INDEX TO CONSOLIDATED FINANCIAL STATEMENTS
 

 


 
-42-
 
 

 
 
 

 
To the Board of Directors and Stockholders
Heska Corporation
Loveland, Colorado


We have audited the accompanying consolidated balance sheets of Heska Corporation and subsidiaries (the "Company") as of December 31, 2012 and 2013, and the related consolidated statements of operations, stockholders' equity, comprehensive income (loss), and cash flows for each of the years in the three-year period ended December 31, 2013. Our audits also included the financial statement schedule appearing under Item 15. These financial statements and financial statement schedule are the responsibility of the Company's management. Our responsibility is to express an opinion on the financial statements and financial statement schedule based on our audits.

We conducted our audits in accordance with the standards of the Public Company Accounting Oversight Board (United States). Those standards require that we plan and perform the audit to obtain reasonable assurance about whether the financial statements are free of material misstatement. The Company is not required to have, nor were we engaged to perform, an audit of its internal control over financial reporting.

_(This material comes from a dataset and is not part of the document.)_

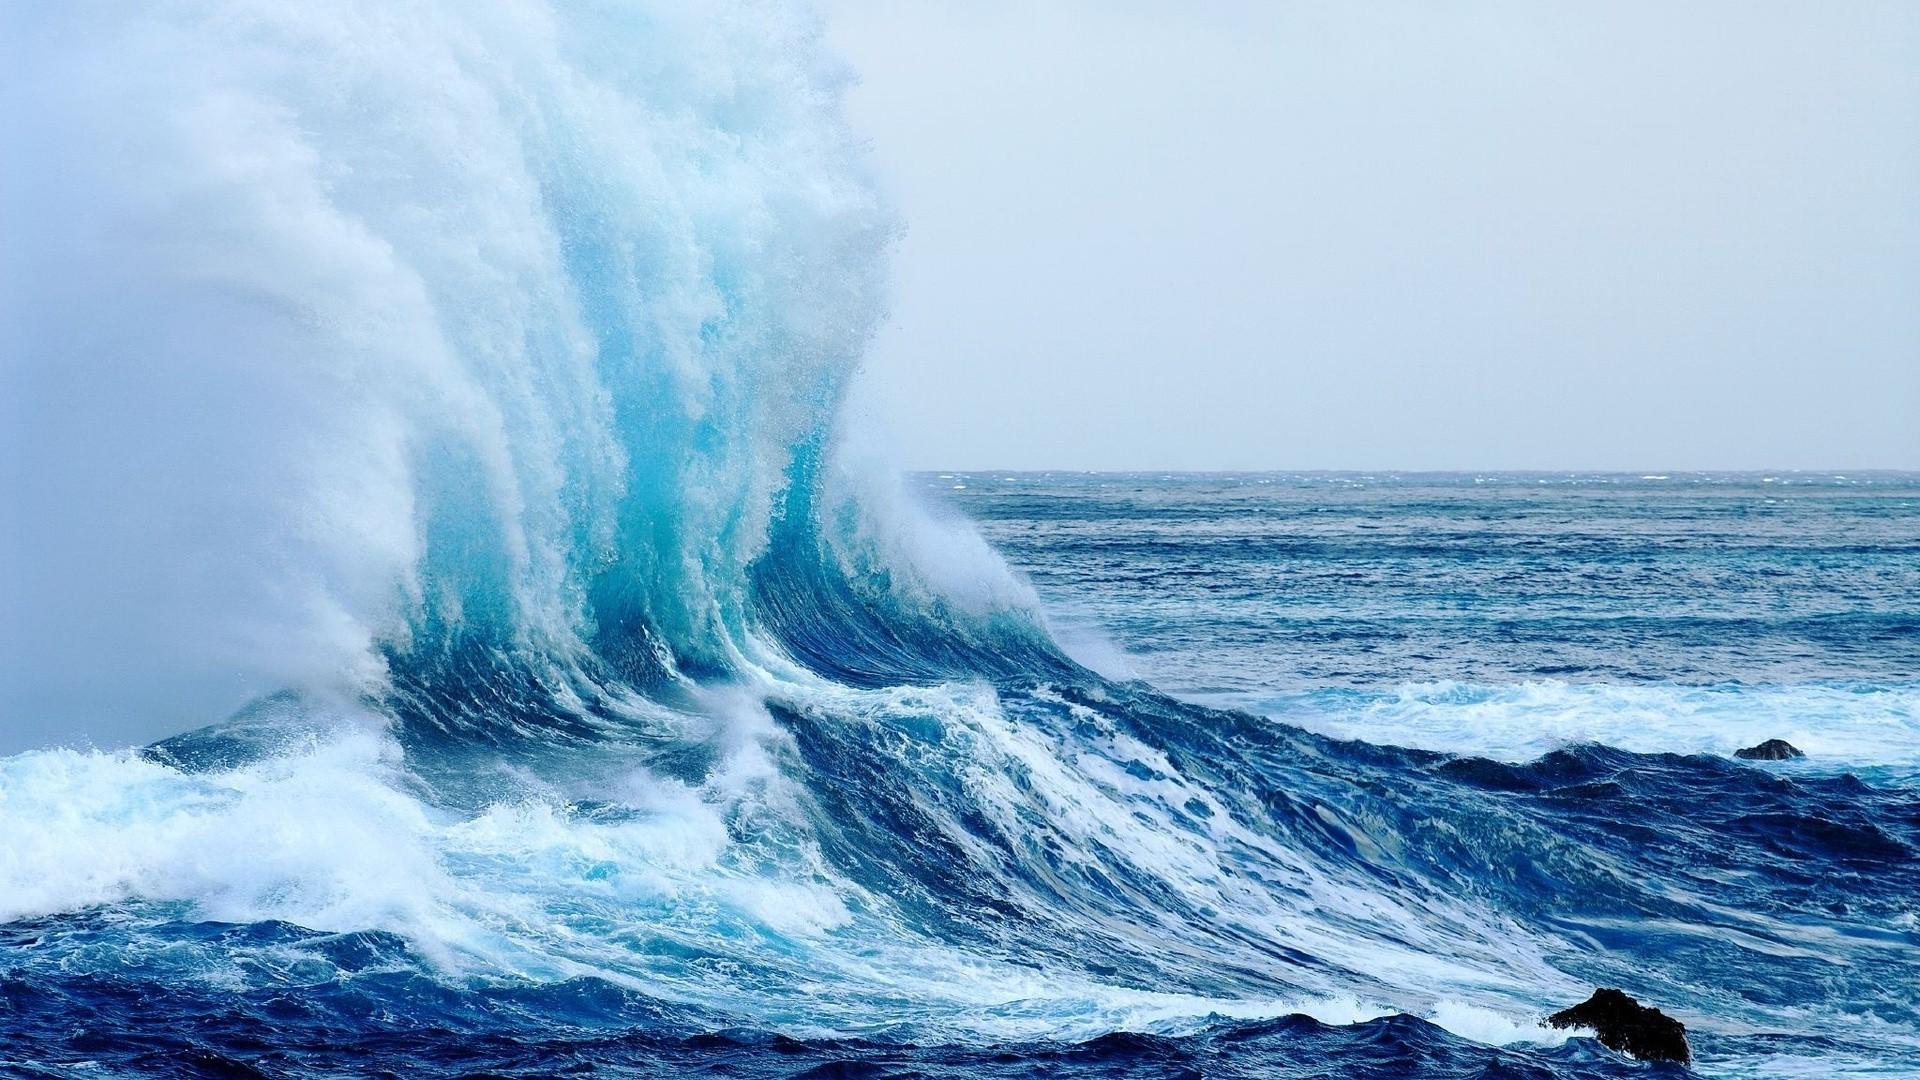 Beach Waves Wallpapers For Desktop Beach Waves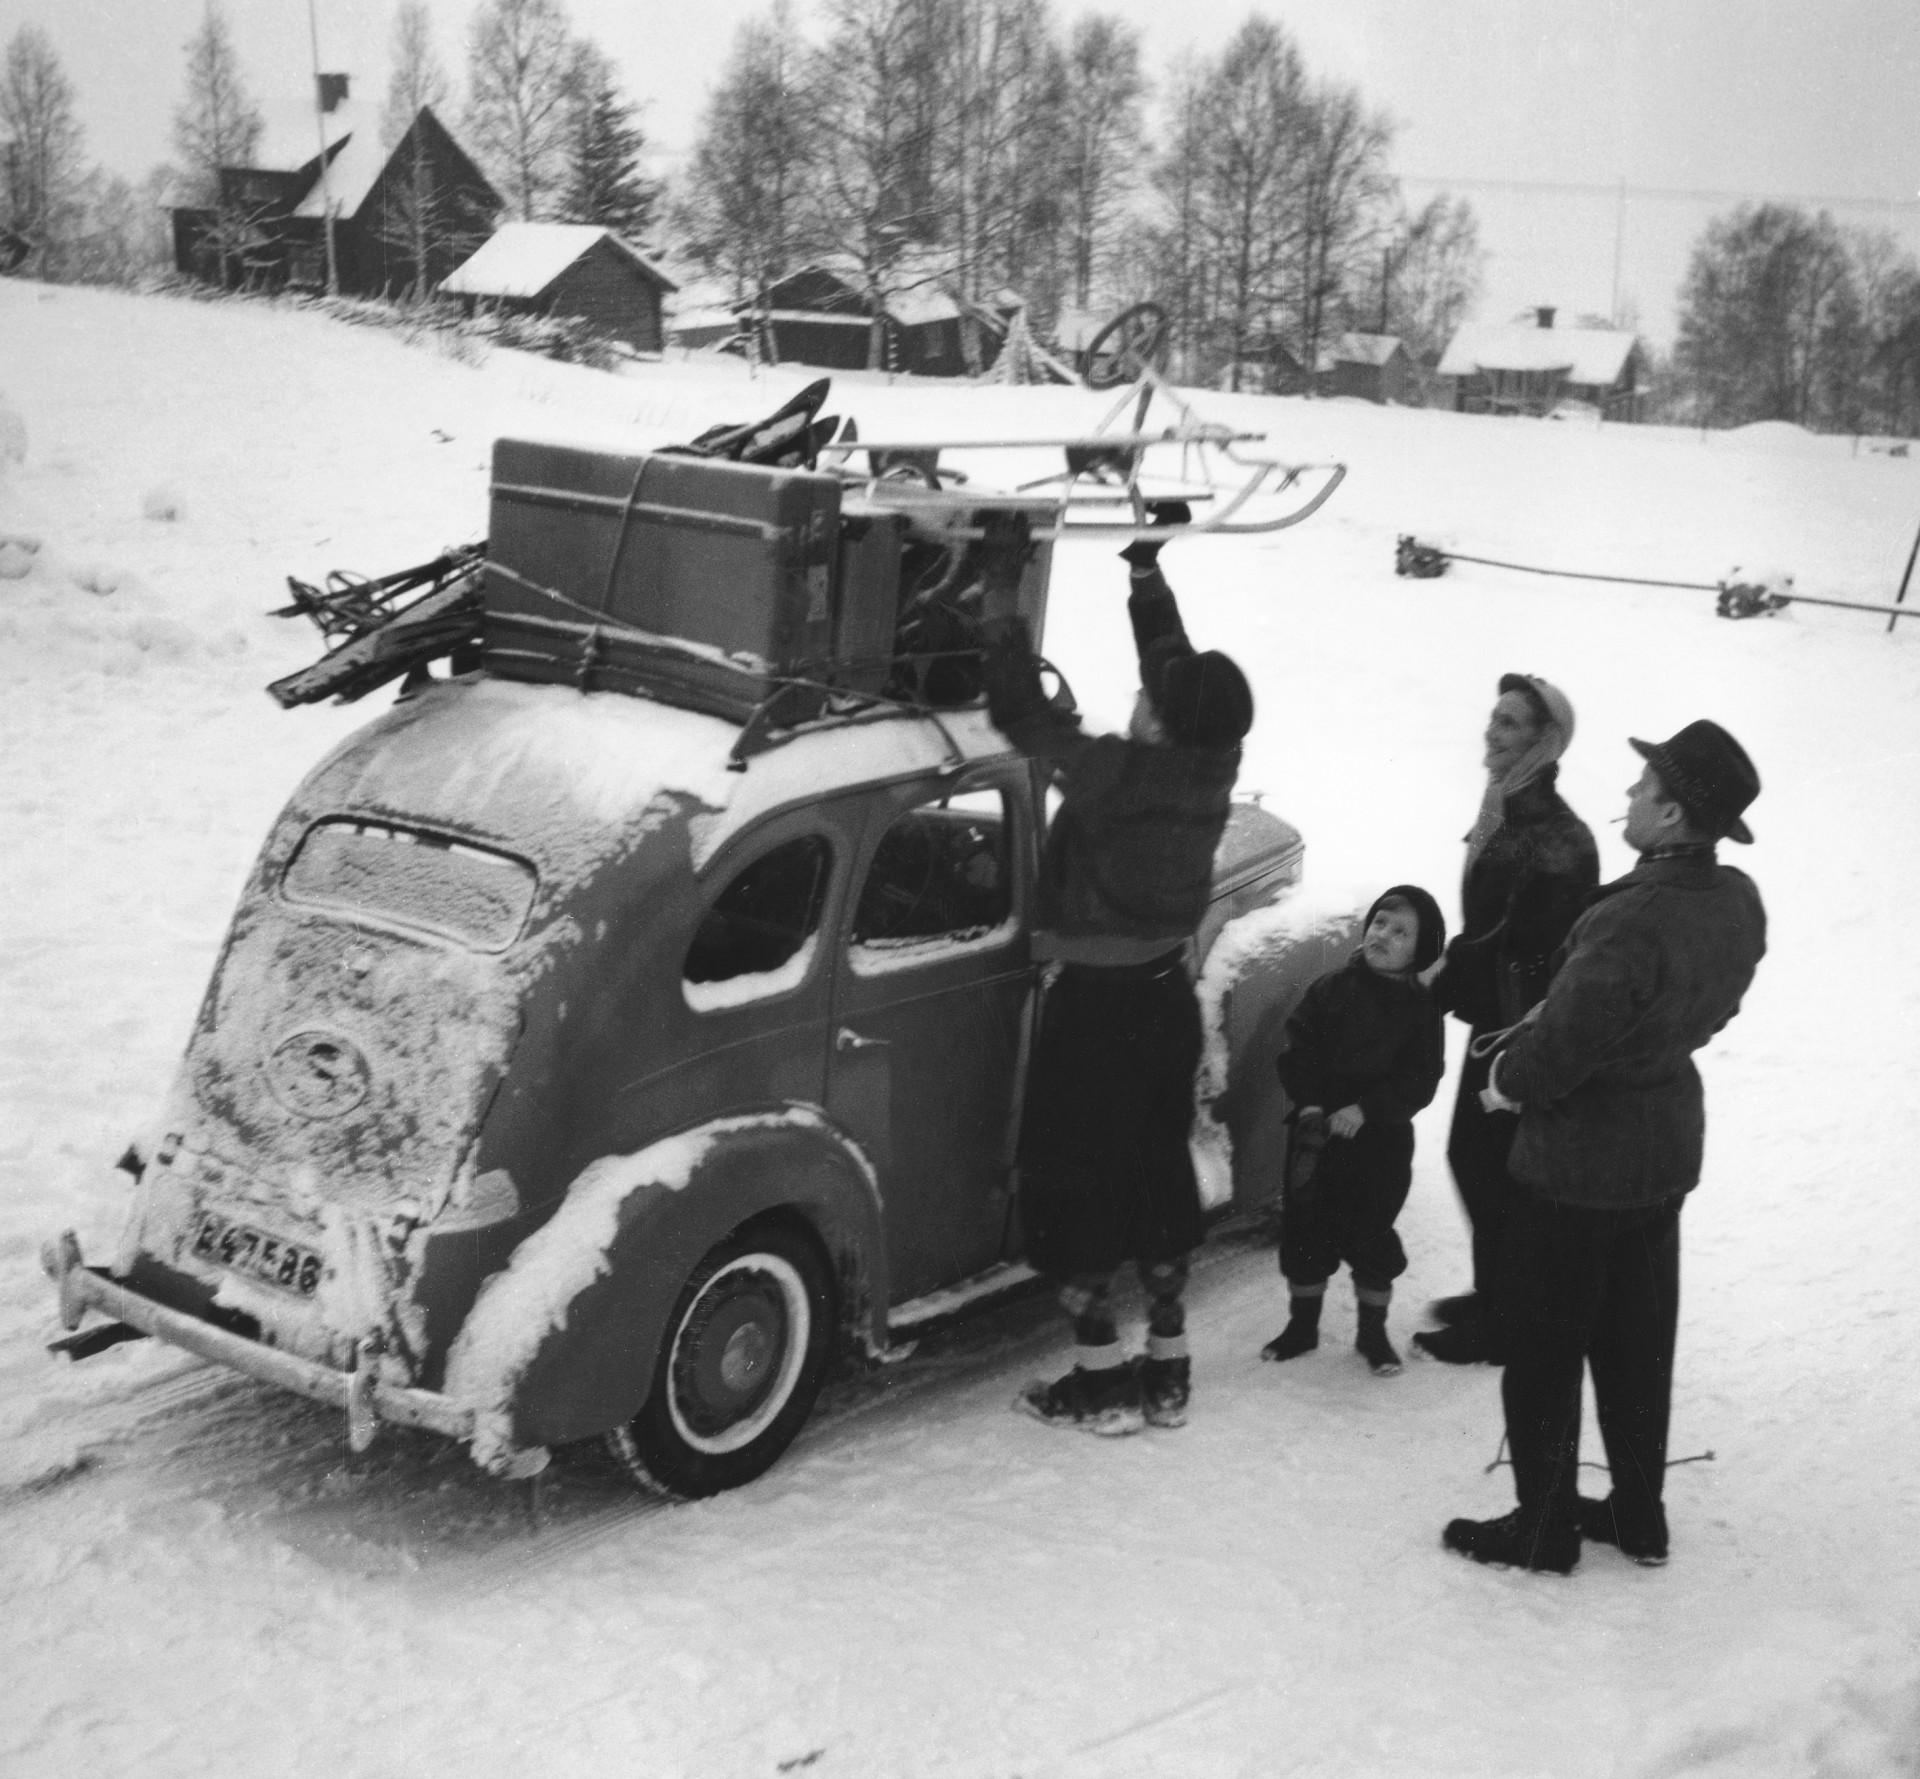 En familj lastar kälke och skidor på ett snötäckt biltak. 1953.

Our audit included consideration of internal control over financial reporting as a basis for designing audit procedures that are appropriate in the circumstances, but not for the purpose of expressing an opinion on the effectiveness of the Company's internal control over financial reporting. Accordingly, we express no such opinion. An audit also includes examining, on a test basis, evidence supporting the amounts and disclosures in the financial statements, assessing the accounting principles used and significant estimates made by management, as well as evaluating the overall financial statement presentation. We believe that our audits provide a reasonable basis for our opinion.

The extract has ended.